Slurry Pipelines: Antifoulants and Drag Reduction (Basics)

Improve throughput and reduce unplanned shutdowns by controlling deposition, stabilizing rheology, and lowering frictional pressure drop—without sacrificing downstream separation.

mining slurry transport drag reduction antifoulant throughput

How to use this guide

This page is a field-first decision guide for mining and minerals teams transporting slurries in pipelines (tailings lines, concentrate transfer, thickener underflow, leach residue, and fines-laden process water).

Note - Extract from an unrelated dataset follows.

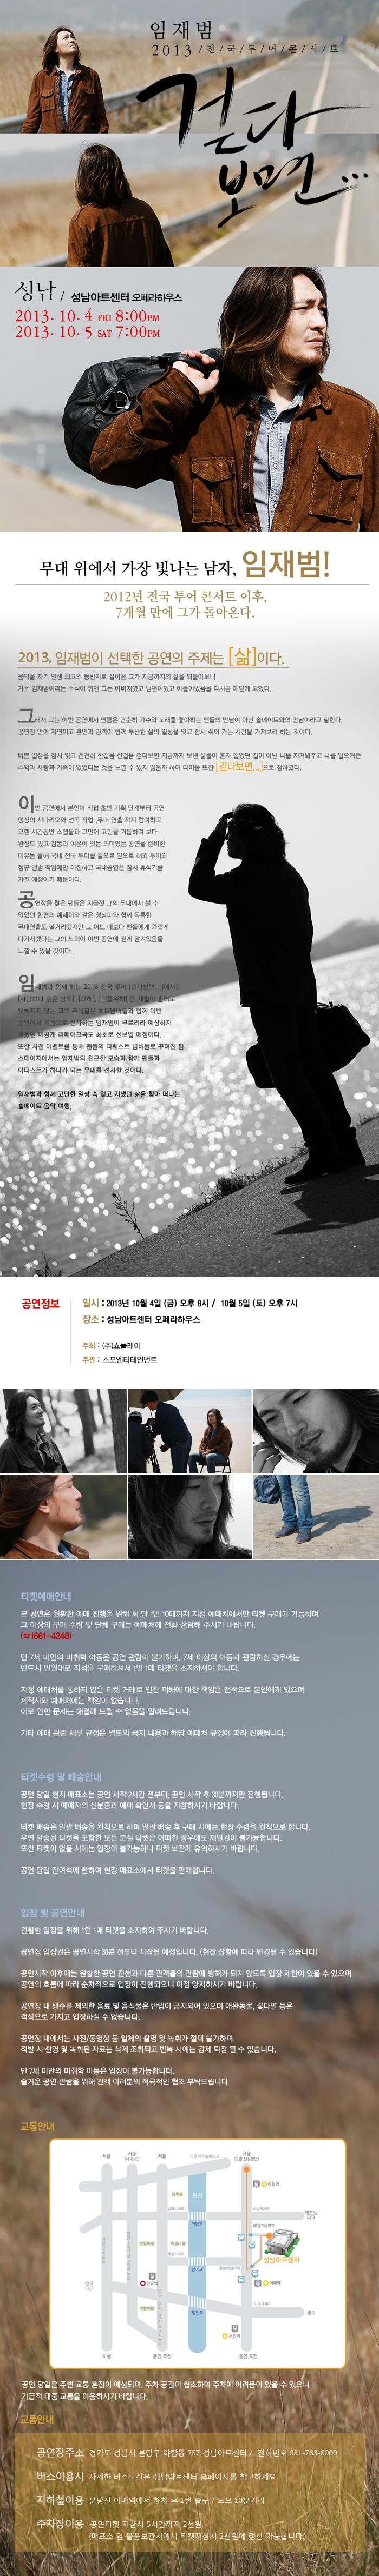 임재범 2013 전국투어콘서트 성남 <걷다보면...>

It focuses on two levers that are often confused: (1) antifoulants / dispersants to reduce deposition and stabilize rheology, and (2) drag reducing agents (DRAs) to reduce frictional pressure loss in turbulent flow.

Use it to align operations, metallurgy, EHS, and procurement on selection criteria, dosing logic, monitoring signals, and purchase-ready specifications. If you can share ore mineralogy, PSD (especially P80 and fines fraction), solids %, recycle-water chemistry, pipeline profile, and pump curve, we can propose supply-ready options and a trial structure that procurement can approve.

What “good” looks like

A successful program links chemistry to a measurable KPI and a commercial decision: higher stable throughput, lower kWh/ton, or longer time between cleanouts, validated with trend data (not one-off readings).

Contents

Deposition vs. friction: two problems that look the same

“High pressure / low flow” can come from deposition (bed formation and fouling) or from high friction in an otherwise stable slurry. The chemistry is different because the mechanism is different.

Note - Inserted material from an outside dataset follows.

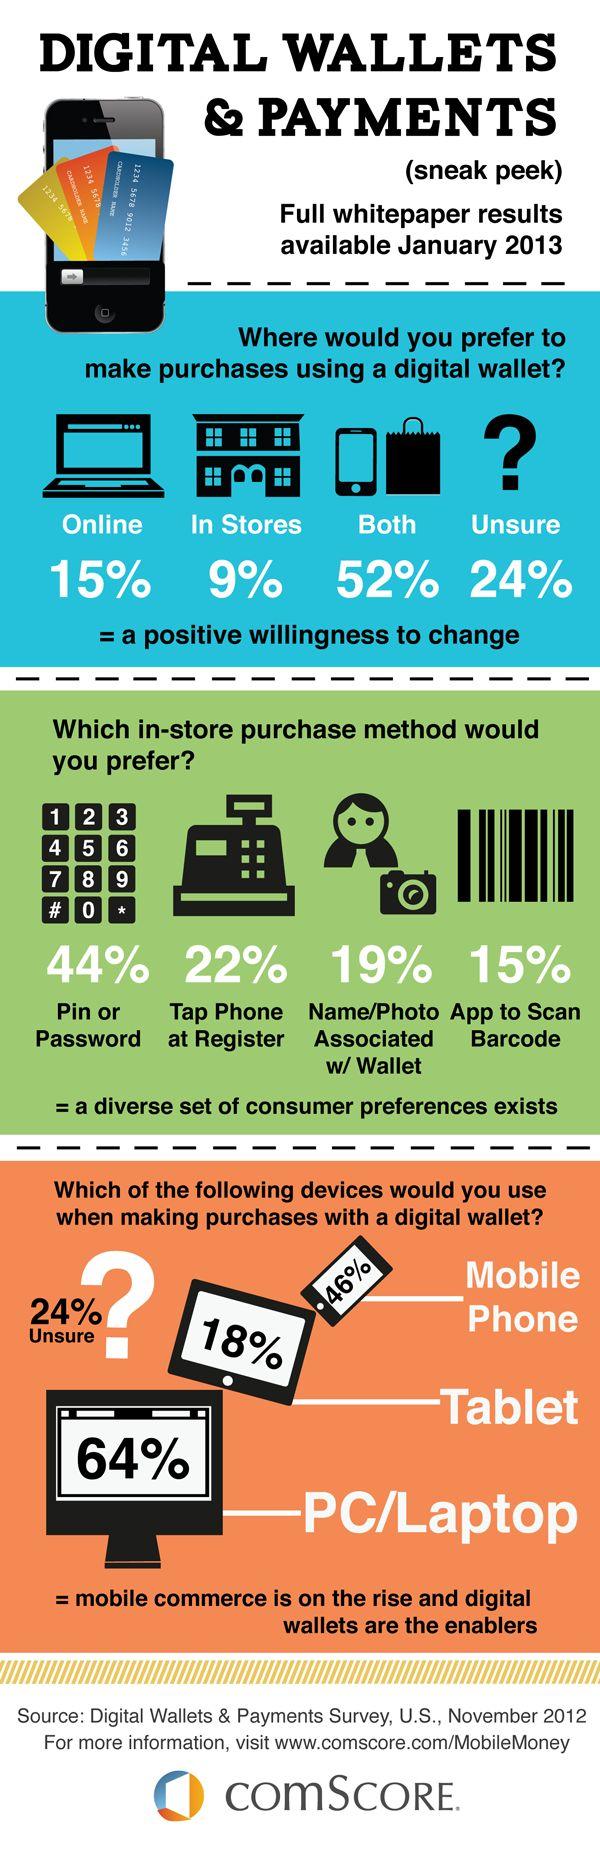 2013 Digital Wallets & Payments Sneak Peek - comScore, Inc

Problem What’s happening Typical symptom Best lever
Deposition / fouling Particles settle in low-velocity zones, build a bed, then trap more solids (often with a “binder” of fines/precipitate) ΔP rises with time at similar flow; hot spots at low points; restart after stop is hard; pigging/flush needed Antifoulant/dispersant + velocity margin + profile fixes
Frictional drag Turbulent friction in pipe dominates even with stable suspension ΔP is high but stable; changes mainly with flow rate; restart behavior unchanged DRA + hydraulic optimization

Fast field diagnosis (15 minutes)

  1. Hold flow steady (same pump speed or control valve position) and trend ΔP for 30–60 minutes. Rising ΔP suggests deposition/fouling.
  2. Step flow up (e.g., +5–10%) and observe ΔP response. Pure friction shows predictable ΔP change; deposition shows hysteresis.
  3. Check restart history: if restarts after planned stoppages are increasingly difficult, bed formation is likely.
  4. Inspect high-risk zones: low points, long horizontals, diameter transitions, bends, valve stations, and bypass loops.

Commercial reality

The biggest cost is usually lost production (downtime, throttling, derating pumps), not chemical spend. Chemical programs should be evaluated as an availability and throughput project, not a “reagent cost” line item.

Slurry hydraulics: what changes pressure drop (and why chemistry helps)

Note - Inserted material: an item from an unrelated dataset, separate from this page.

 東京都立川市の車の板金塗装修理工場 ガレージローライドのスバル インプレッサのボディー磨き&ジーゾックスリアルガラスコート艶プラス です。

Slurry transport is not just “water + solids.” Pressure drop and deposition risk depend on: solids fraction, particle size distribution (PSD), fines/clays, density contrast, temperature, and water chemistry. Practically, operators experience these as changes in: yield stress, apparent viscosity, and bed formation tendency.

Key terms (operational definitions)

  • Yield stress: the stress needed to start flow. When yield stress spikes, pumping becomes unstable and deposition risk increases.
  • Apparent viscosity: “effective” viscosity at operating shear. It changes with shear rate and solids behavior.
  • Critical deposition velocity: the velocity below which a stationary bed forms in a given pipe/profile/PSD. If you operate near it, small drift causes plugs.
  • Frictional pressure drop (ΔP): the loss in pressure along a pipe segment; in turbulent flow it rises sharply with flow rate.

Why “fines” and water chemistry matter

Fines and clays can act like a binding matrix that increases yield stress and makes deposits more cohesive. Recycle water (hardness, dissolved salts, residual flocculant/coagulant, and pH) can shift surface charge and precipitation. In many plants, the root cause is not “more solids” but “more fines + different water.”

What you can influence without changing the pipeline

  • Hydraulics: maintain velocity margin; avoid extended low-flow operation; manage start/stop protocols.
  • Rheology: reduce yield stress and viscosity (antifoulants/dispersants, sometimes with targeted scale control).
  • Friction: reduce turbulent friction losses (DRA) in segments where turbulence dominates and polymer can survive.

Chemistry map: antifoulants vs. DRAs (what they do and what they don’t)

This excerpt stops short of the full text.